I just set up a ntfy server for Unified Push earlier this week to use with Matrix. Now I have to turn around and immediately replace it...
If you use ntfy mainly as a Unified Push distributor on Android, then I highly recommend switching to a XMPP client that can do the same.
Fuck, I love ntfy, it's one of the best self hosted push notification systems I've used. It has been flawless so far.
Don't like this.
Oh ffs..
Thanks for the heads-up
I can see the pragmatic appeal. Maintaining a lot of code for an open source project is thankless. Go is designed for idiots like me so it makes sense that an llm should be able to emit code that mostly works. There are classes of errors that are less likely in Go and the compiler and linting will prevent some foot guns and then it would have been tested.

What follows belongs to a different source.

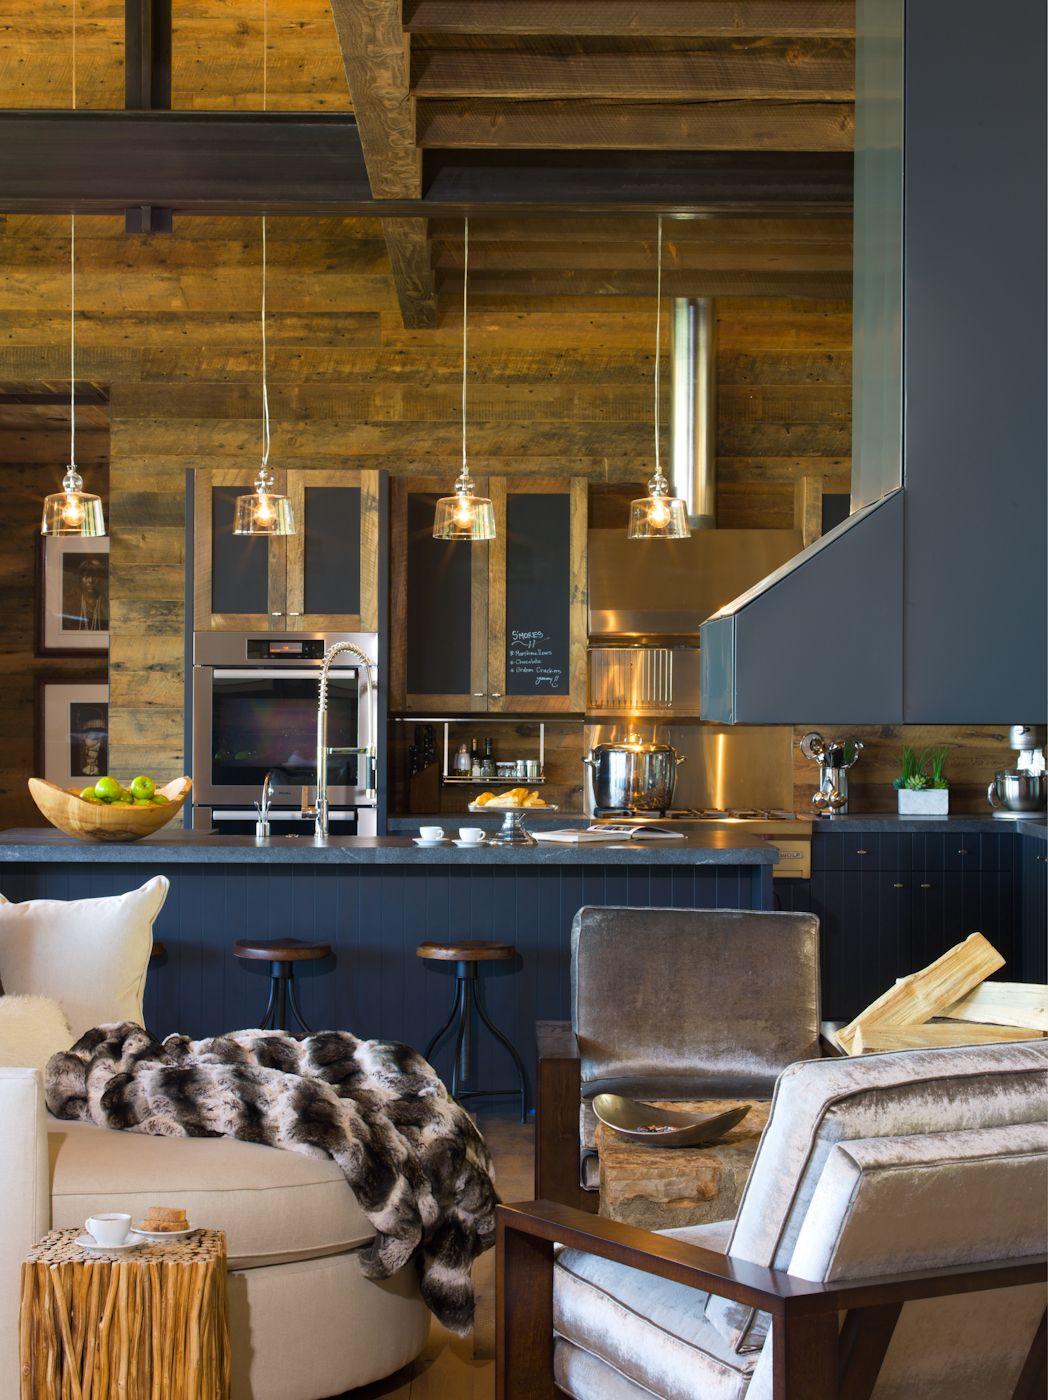 Snowmass Colorado  Kitchens  Pinterest  Kitchens Wooden Interesting Colorado Kitchen Design Design Inspiration

Ethically I hate anything to do with the llm industry and all it represents. I hate the environmental impacts. The social impacts. The disregard for intellectual property. The devaluing of human effort. The scam economics. I won't use anything touched by it on principle and if that means walking away from a dead Internet so be it. There is enough pre-2020s books, audiobooks, movies, music and code to keep me interested for the rest of my life.

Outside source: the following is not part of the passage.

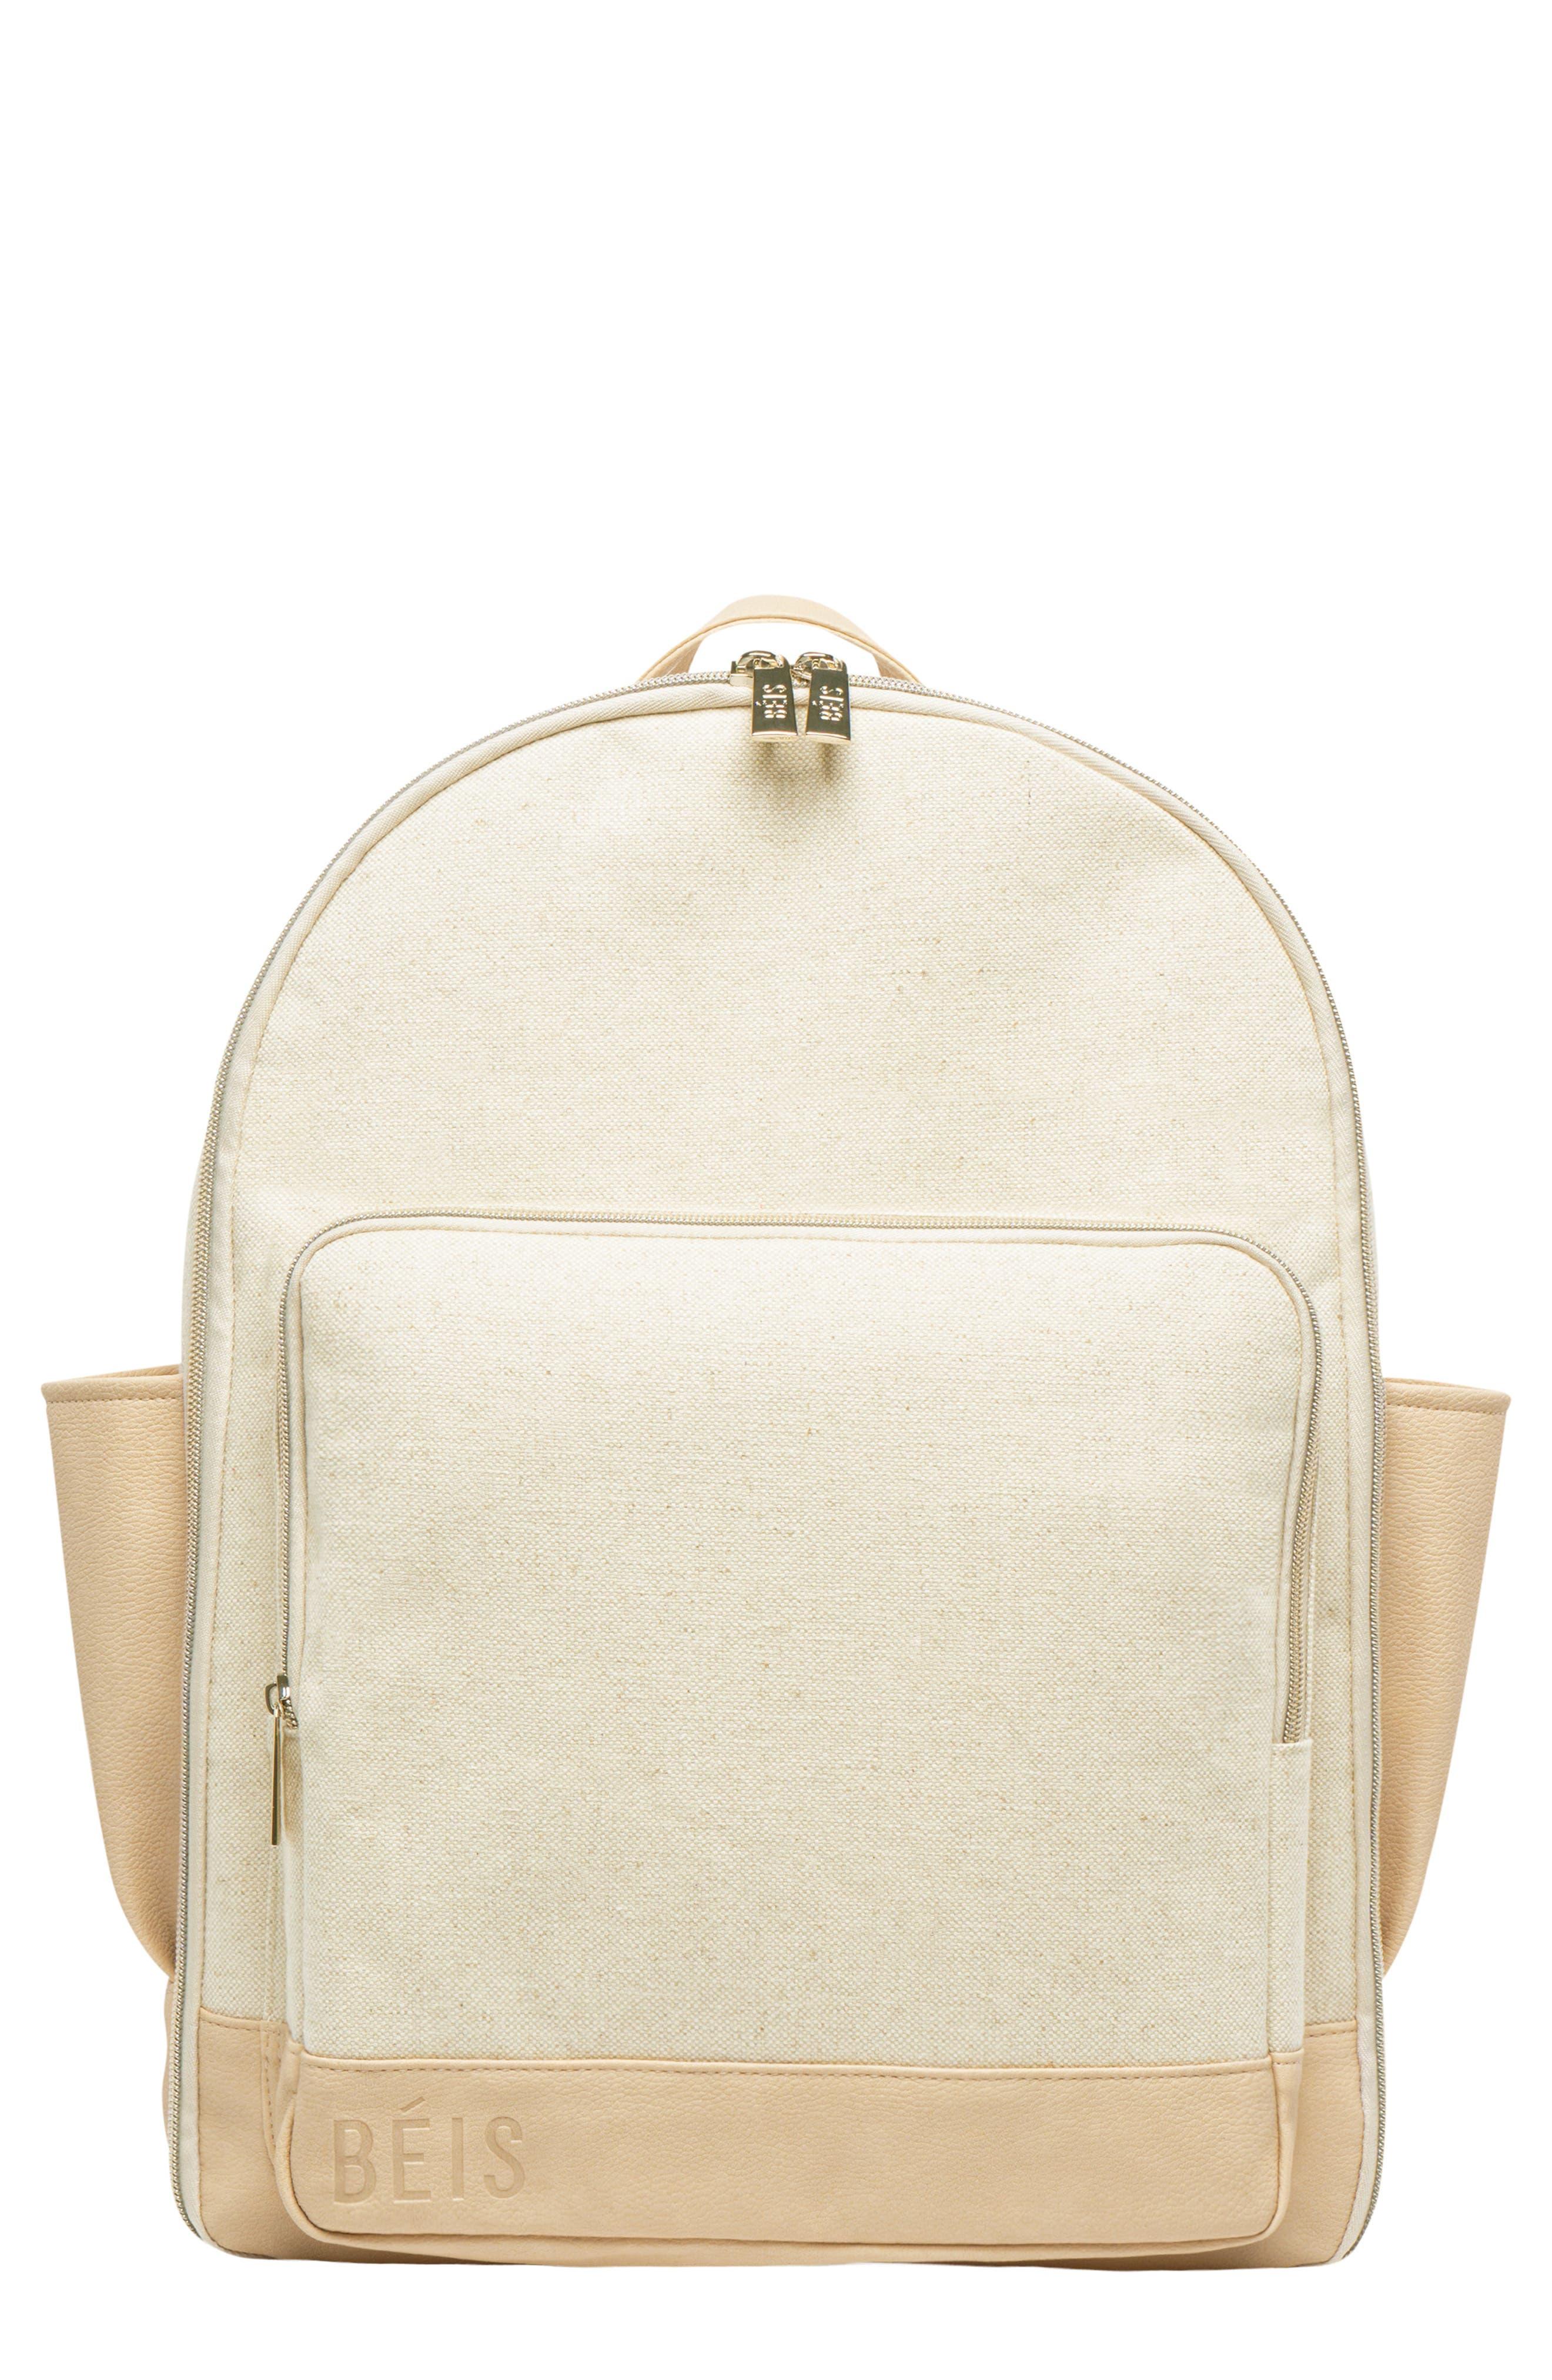 Travel Multi Function Travel Backpack,                         Main,                         color, BEIGE

ts getting you pinned to 2.17 in the compose file 🥹🤞🥀
I'll embrace the inevitable fork.
That's concerning. If it was "I generated a function with an LLM and reviewed it myself" I'd be much less concerned, but 14k added lines and 10k removed lines is crazy. We already know that LLMs don't generate up to scratch code quality...
I won't use PostgreSQL with ntfy, and keep an eye on it to see if they continue down this path for other parts of ntfy. If so I'll have to switch to another UP provider.
I'm so tired of that.
I'm using it for scripts notifications + unifiedpush. I don't know where to start to find the fitting alternative.